Whiskey Review: Copper Fox Rye

Copper Fox Rye

Copper Fox Rye. Photo by Margarett Waterbury, copyright The Whiskey Wash.

Founded in 2005, Copper Fox Distillery is, if not exactly venerable, at least of a certain age when compared to other American craft distilleries. And after more than a decade in business, they’re expanding in a big way.

Earlier this year, Copper Fox opened a second distillery in Williamsburg, Virginia, one of the state’s top tourist destinations. The facility is spread across nine buildings that once comprised a historic motel, and will include separate buildings for malting, distilling, aging, and bottling (and, of course, a tasting room). According to founder Rick Wasmund, the new facility will quadruple Copper Fox’s capacity.

Despite the changes, Copper Fox is sticking with their core product line: mostly whiskeys made from own-malted grain and incorporating fruit woods using various methods, including fruit wood smoked grain and fruit wood chips used in aging.

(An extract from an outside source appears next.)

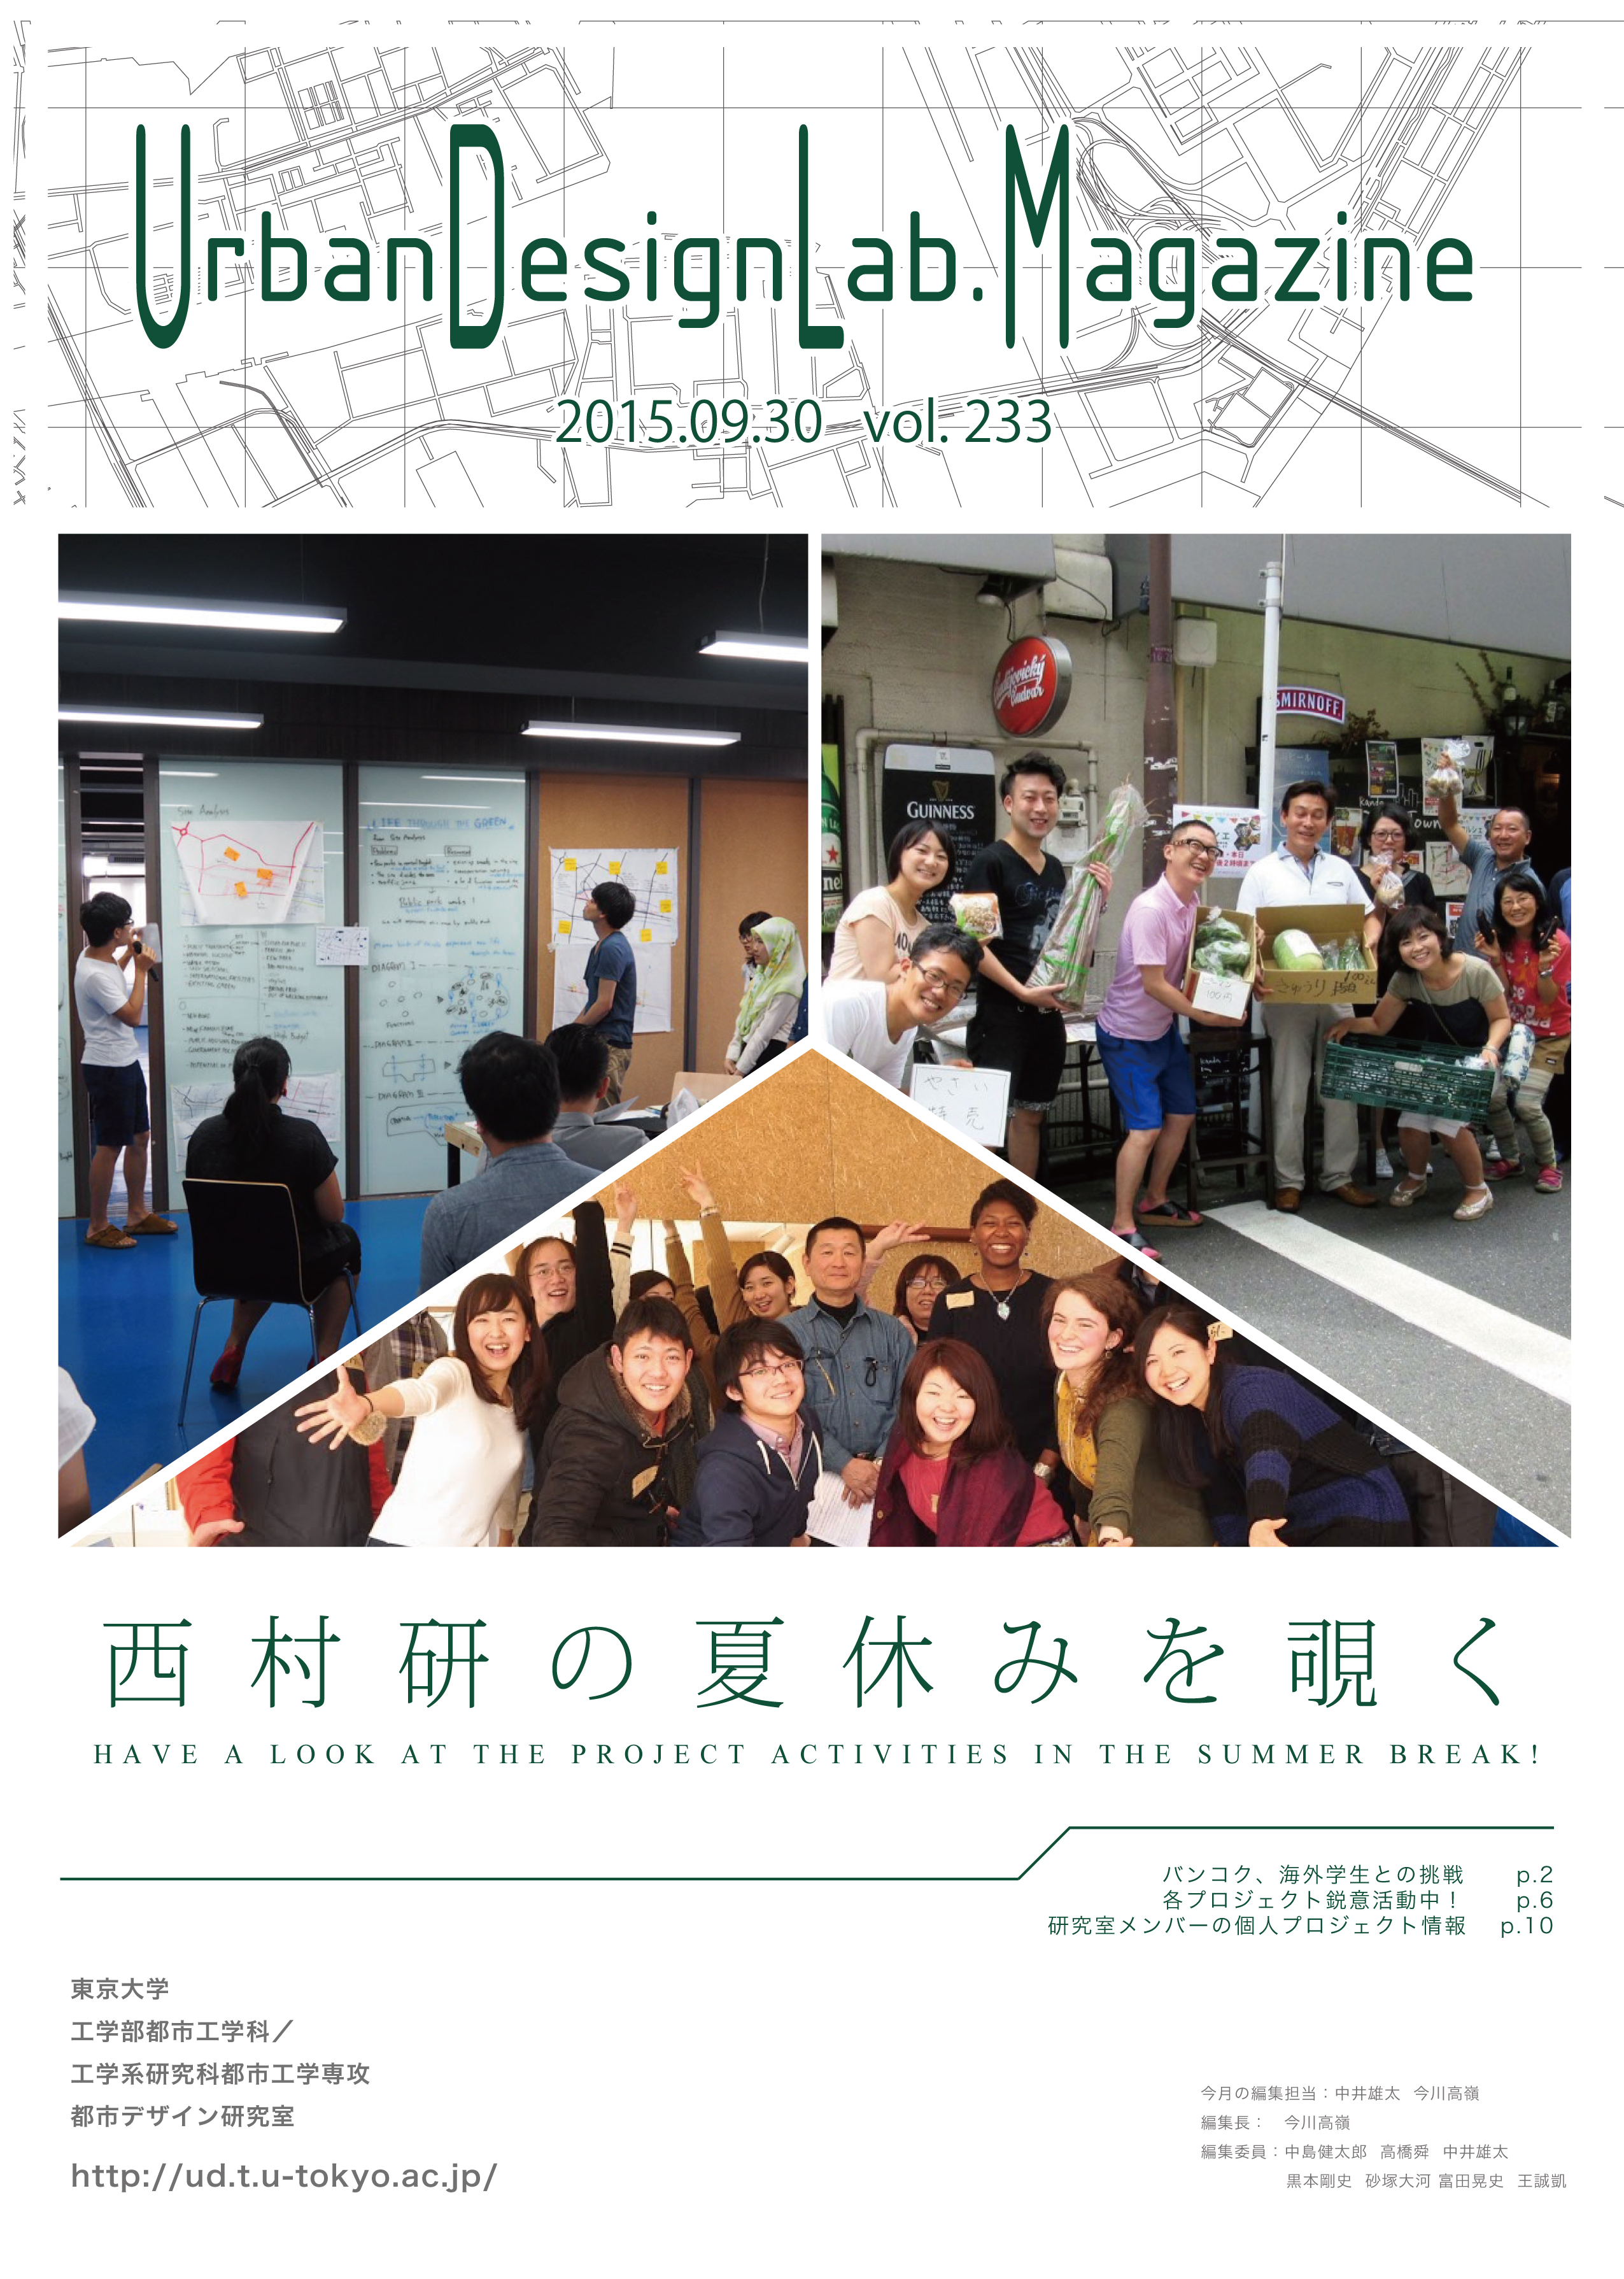 http://ud.t.u-tokyo.ac.jp/blog/_images/233%E5%8F%B7%E8%A1%A8%E7%B4%99-01.jpg

Copper Fox Rye is no exception. This 17-month-old release is made from a two-thirds rye, one-third malted barley mash bill, with the malted barley component consisting of 60% applewood smoked malt, and 40% cherrywood smoked malt. It’s double-distilled on copper pot stills, and aged using “a progressive series of new and used apple wood and oak chips inside used bourbon barrels, and finished in a second used bourbon barrel,” according to the label. Copper Fox Rye is not chill filtered (in fact, none of Copper Fox’s spirits are), and my sample was bottled on March 1, 2016.

Tasting Notes: Copper Fox Rye Whisky

Vital Stats: 90 proof, 17 months old, 2/3 rye and 1/3 malted barley. Retails around $47 for a 750ml bottle.

Appearance: Deep copper

Nose: This smells nice! Lots of dry, crisp notes of rye grain – pumpernickel bread crust, cracked black pepper, and cinnamon stick. The smoke comes through as a clean, crackling campfire built out of dry, slightly resinous wood.

Palate: Also yummy. Lots of cinnamon, but without that false, Atomic Fireball kind of cinnamon quality found in many craft ryes. The malted barley is definitely detectable, and a bit raw tasting, but instead of reading as musty it provides a nice sweet background for the rye to play against. The finish is subtly herbaceous, with a peppery snap and ginger heat. Sweet char emerges in the somewhat hot and ashy finish.

Final Thoughts:

This is an interesting thing to taste. The wood from the chip-intensive aging procedure is less pronounced than in their single malt (perhaps it’s just better matched by a more robust rye mash bill), but again, I can’t shake the feeling that they might have been better served by just putting it in a regular barrel for 17 months.